Langelot no tenía elección. Saltó.
¡Pero nunca en su vida se había sentido tan mal!
¿Qué profundidad tendría el pozo? ¿Qué iba a encontrar en el fondo? ¿Agua? ¿Piedras? ¿Un nido de serpientes?
Felizmente, su angustia no duró mucho. Acababa de saltar en el vacío cuando chocó contra el suelo. Sus piernas le sirvieron de amortiguadores y el choque no fue doloroso. Levantando los ojos, Langelot tuvo el tiempo justo de ver un circulo de luz, que estaban a punto de interceptar con una losa circular. Un momento después, quedó a oscuras.
El miedo no había dejado de aguijonear el ánimo de Langelot, pero su cabeza permanecía fría y su corazón no había acelerado sus latidos. El animal irracional tenía miedo, pero la inteligencia seguía siendo perfectamente capaz de razonar.
»Aparentemente —pensó Langelot— estoy en una cisterna. En otro tiempo serviría para alimentar de agua la casa que he visto más abajo. Aparentemente también, estos señores no quieren matarme. Por lo menos, no ahora. O desean interrogarme; o, lo que es más probable, me han dicho la verdad; la señora Ruggiero les ha escrito que soy un agente de calidad y tienen la intención de “hacerme cambiar de camisa”… Pero todo esto no es una razón para que no intente salir de aquí. Si es una cisterna, debe haber un colector de entrada y una canalización de salida. ¿Quizás podría gatear por ella?
Exploró su prisión.
Era un cilindro perfecto, de alrededor de dos metros de alto y dos de diámetro. Palpando en la oscuridad, encontró un agujero situado a nivel del suelo y obstruido por gruesas piedras. Trató en seguida de despejarlo, cosa que no le costó mucho. Pero le esperaba una decepción: el agujero era apenas suficientemente grande para pasar por él la cabeza; ¡ni pensar en que pudieran seguir los hombros!
Langelot se puso en cuclillas para descansar un poco.

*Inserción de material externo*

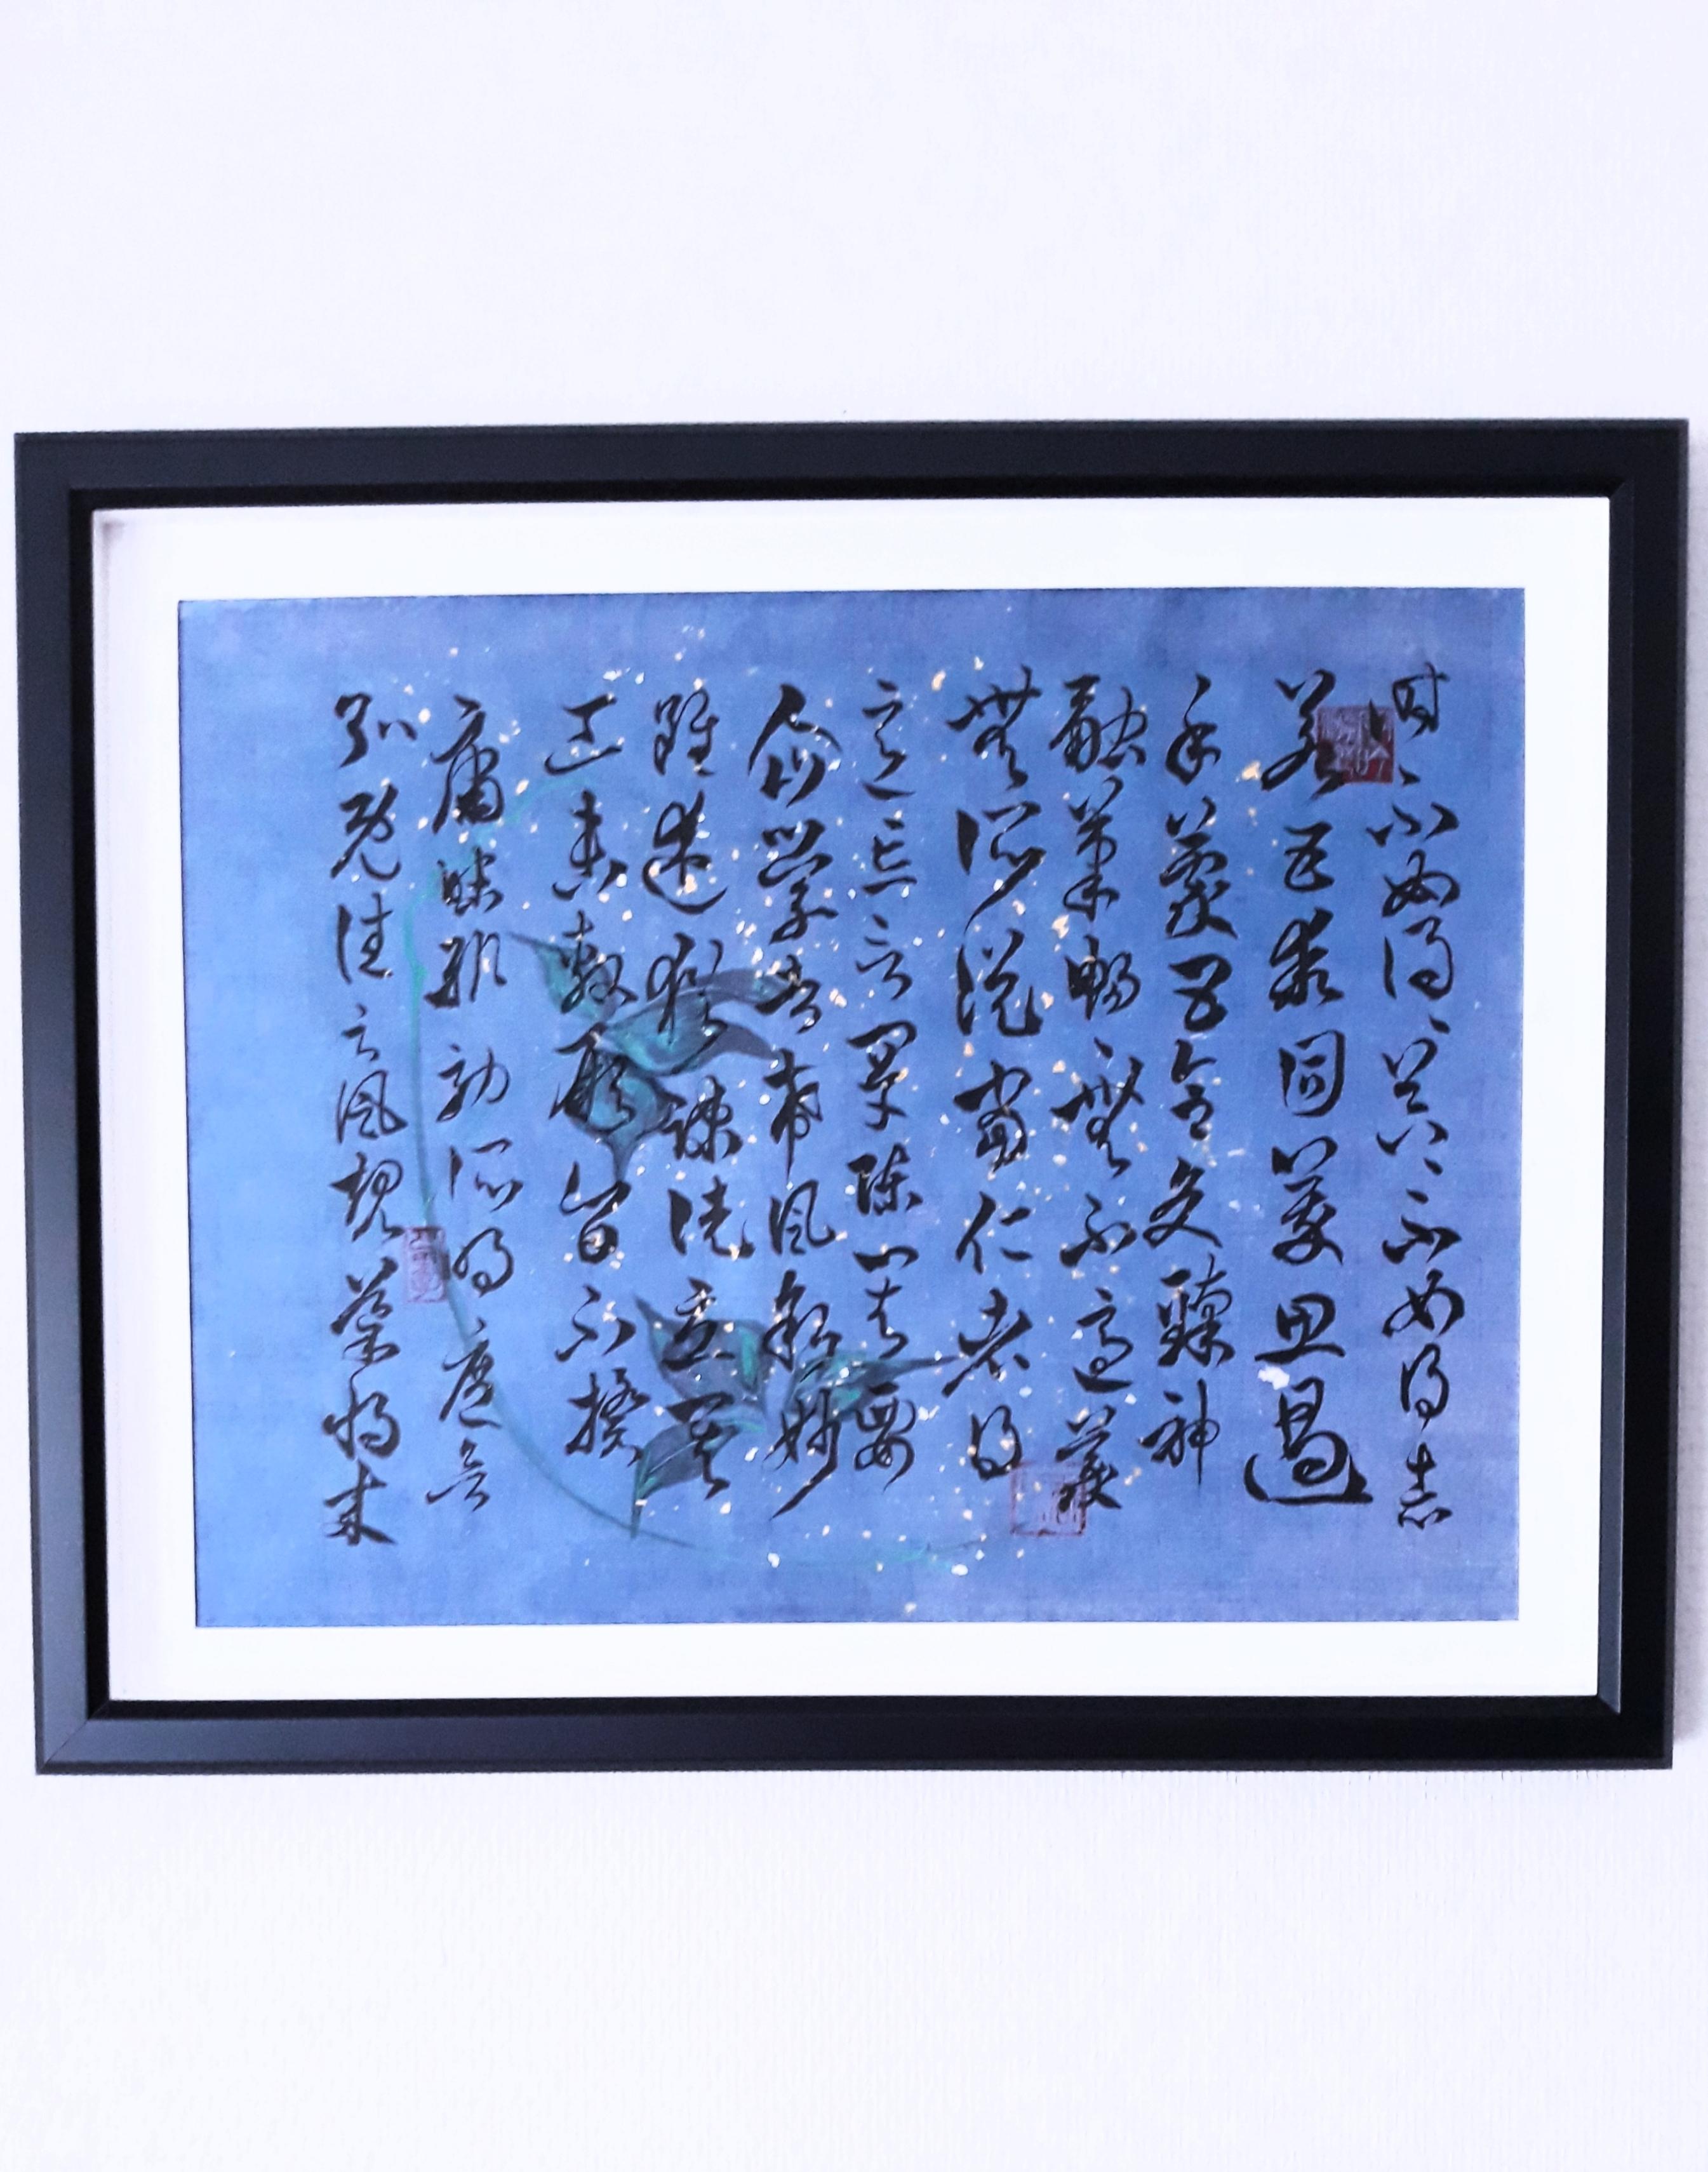 Texte de Sun Guoting en cursive 53cm x 43cm

Lo que más le inquietaba, a decir verdad, no eran los espías enemigos de los que era prisionero, sino las víboras.
«Sin embargo —razonó—, si hubiera víboras estas buenas gentes lo sabrían. Y puesto que no parecen quererme mal…».
Reanudó sus tanteos. Pero, como era de baja estatura y el conducto colector debía de terminar a nivel del techo de la cisterna, al principio no encontró nada.
Entonces, eligió la piedra más grande, la colocó contra la pared y se subió a ella. Así, llegó al techo. Le bastaba con ir desplazando la piedra, poco a poco, para poder dar la vuelta a la cisterna con las manos.
La boca del colector se hallaba exactamente enfrente de la de la canalización. Pero ¡ay!, no era cosa, ni siquiera para Langelot, de gatear por un tubo de veinte centímetros de diámetro.
Para más tranquilidad de conciencia, metió, a pesar de todo, la mano y encontró un objeto que tardó algún tiempo en identificar: era metálico, más bien plano y llevaba una cadenita…
«Una placa de identidad —pensó Langelot—. Curioso».
Se la deslizó en el bolsillo y, no teniendo nada mas que hacer, se sentó en un rincón y esperó.